Как бы я хотел полежать напротив этой печки на своей постели и побыть таким же, как в те ранние дни: матушка растапливает в морозный день печку, подбрасывает дровишки, потом с лёгким перекатывающимся грохотом покрывает их уголь, нутро темнеет, и с минуты на минуту гудит всё полнее, духовка, бока и спина (в другой комнате) насыщаются теплом, и потом к ночи, когда выскочишь зачем-то в сенцы и мигом вернёшься, уже бьёт от плиты жарким духом и не так охлаждают комнаты заледеневшие окна.
И время, кажется, спустилось ко мне милостью, раскрыло мне тихое неиспорченное Кривощёково, глухую мою окраину большого города. И вернулось всё-всё. Я лежал у стены и глядел в окно на дом Шальневых, опять замечал, кто к ним пришёл и стучит в дверь сбоку, как с непокрытой головой высунулась из сеней Устинька (тётя Устя из Верх-Ирмени ). В войну, когда шастали всюду тёмные люди, Устинька следила по утрам, зажёгся ли свет у Тани, жива ли с Витей. Живёшь маленьким и ничего наперёд не знаешь, не догадываешься, как вспомнится что-то потом, о чём пожалеешь, что необычайно восхвалишь. Вот на стене вместо коврика красовались плакаты с изображением армейских погон, фотографиями маршалов последней войны, матушка, когда белила, то отцепляла их и после снова крепила кнопками, и я укладывался на ночь, просыпался рядом с великими героями и ни на день не забывал о них. Так было и в последнее утро. Где эти плакаты, когда они состарились и матушка свернула да положила в кладовку или сожгла, почему не колыхнулось чувство сберечь «для истории» и на память о своей жизни? Почему Господь не устроил так, чтобы целой сбереглась комната, той же, побелённой ютилась печка и не выкинули новые хозяева мою недлинную койку и (если мать не снимала) не содрали со стены напечатанных маршалов во главе со Сталиным в форме генералиссимуса?
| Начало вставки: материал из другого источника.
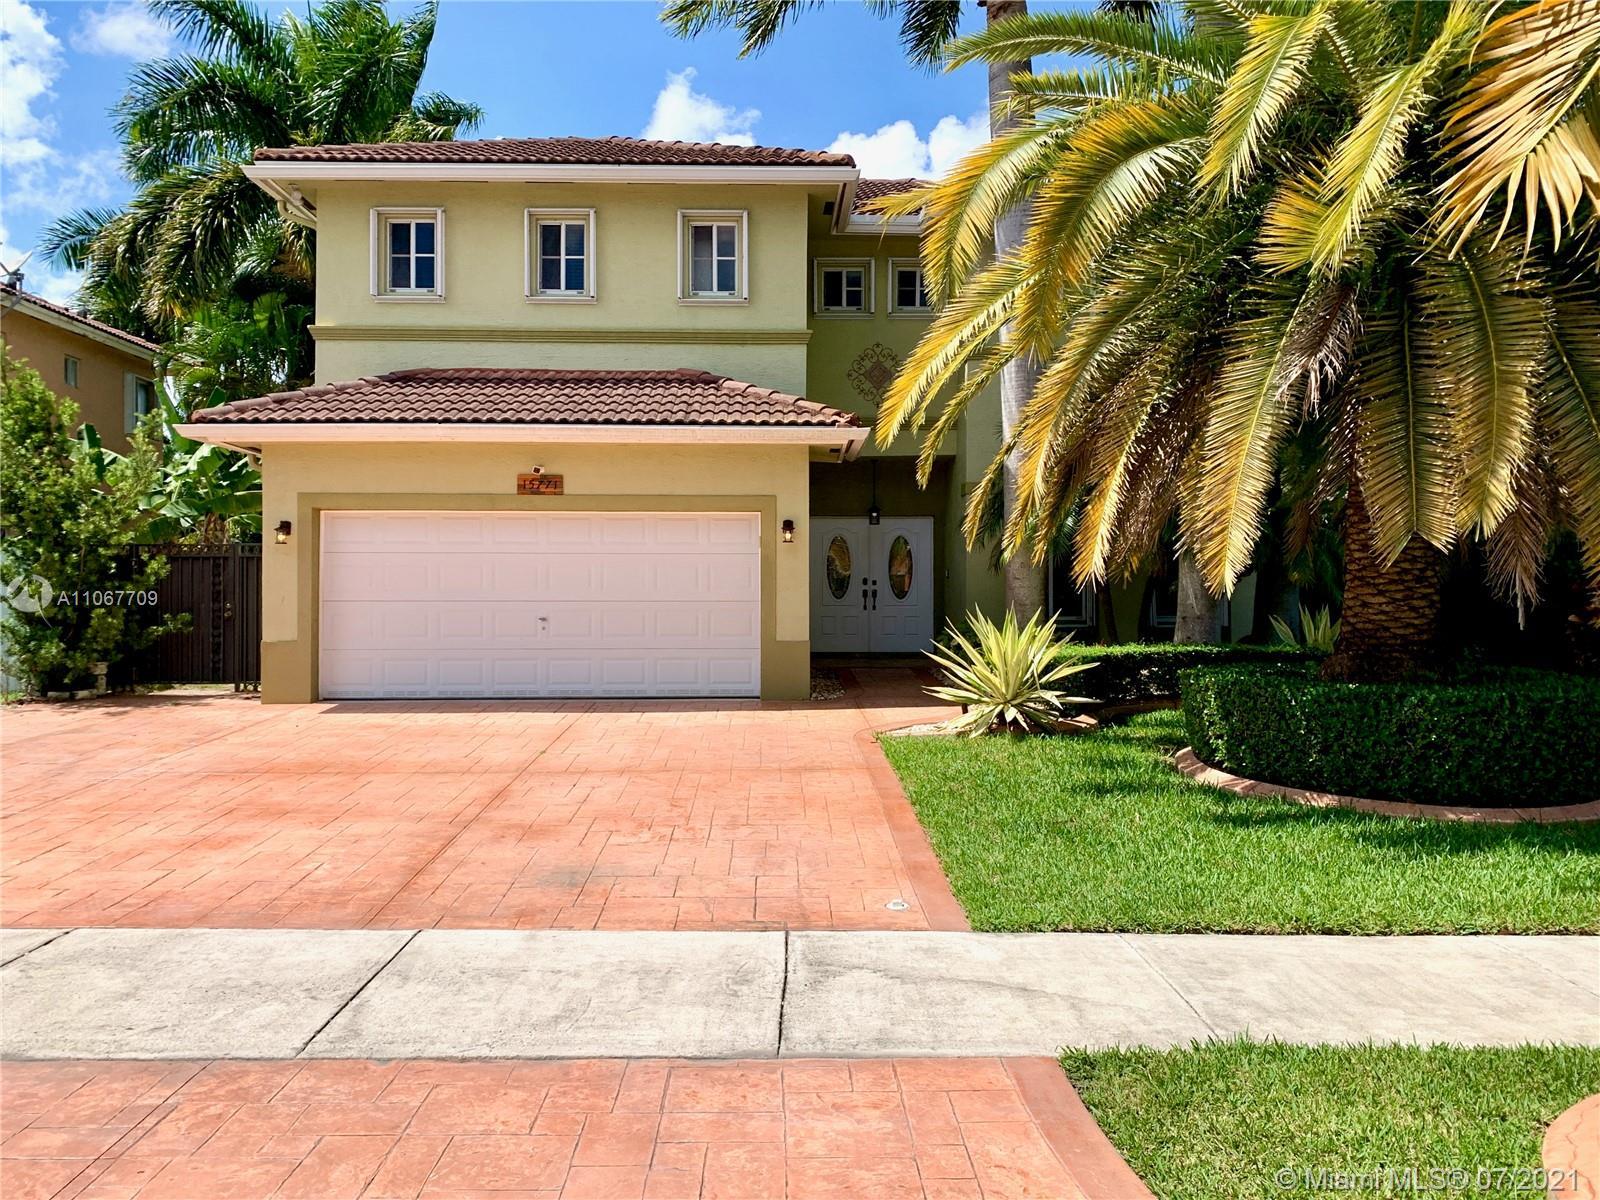 Milton Venture - 15771 SW 147th St, Miami, FL 33196
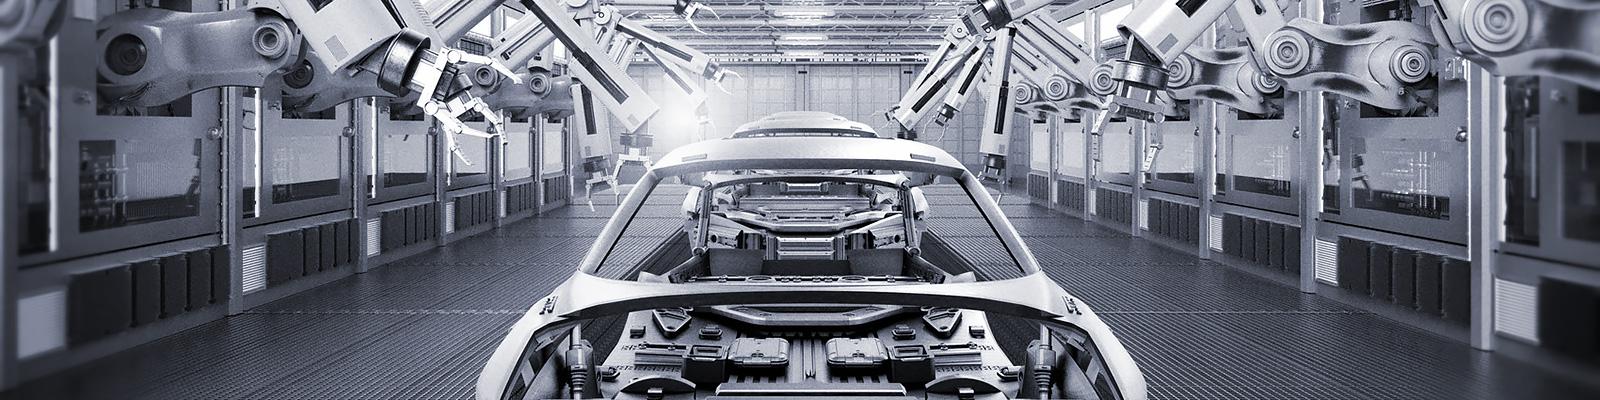 自動車 工場 システム イメージ

Забытое детское чувство к Сталину прислонилось ко мне в сей миг.
Так вот, Витя, каким ты был в свои невинные времена… Великая страна, со всех сторон защищённое детство, вырастал без отца и не боялся, что сильные мира сего (как теперь) выкинут на помойку, каждую весну ждал с матерью хоть маленького облегчения, уехал далеко-далеко, не голодал и даже койку не снимал у хозяек, выучился и поехал в село, и ни разу не подумалось, что в этой жизни можно пропасть, искалечиться, умереть без скорой помощи…
– Уезжал при Хрущёве, вернулся к чужому дому при «царе Борисе», – сказал мне двоюродный брат при встрече на станции.
Приехал я в первый раз после смерти матери в одиннадцать вечера, и ещё тлела на западе тёмно-малиновая заря, с переходного моста виделись вдали края левобережных строений и горизонт у Дюканово (что за нашей улицей Озёрной). Так сразу защемило, повеяло чем-то сибирским, знакомым и на годы забытым. В такую же пору, но тридцать лет назад встречал я бабушку Анастасию из Топок, поднимался по этим же ступенькам моста и долго ехал с ней на трамвае до нашей улицы Лагерной (Базарной) – мимо Каменки слева на взгорке, через Обь, мимо башни, через площадь Станиславского и мимо довоенных деревянных бараков. «Витько, – обращалась она ко мне по-хохлачьи, как-то неласково (со всеми так), – а билет назад где будемо брать?» – «Да бабушка! Вы ещё к нам в ворота не зашли, а уже думаете, как в Топки уезжать..» – «Та там ж куры, порося, помидоры полить…» – «А крёстная на что? А Люся! А Таня!» – «У них свои заботы…» Матушка моя часто жаловалась: «Вот такая у нас бабушка... И раньше так: «Я одна, мама, поживите ещё хоть с недельку, ничего делать не надо, чулок вяжете – и ладно, всё ж с вами повеселей будет, поживите, в Топках без вас не пропадут, их там много». Не-ет! Приедет, уже через день считает на пальцах, сколько осталось, пора билет брать! Я плачу. Такая вредная была наша бабушка…»
Что же там в доме осталось от нас? Напомните мне, стены, верните мне меня самого… Где моя этажерка в углу, всегда внизу промерзавшем?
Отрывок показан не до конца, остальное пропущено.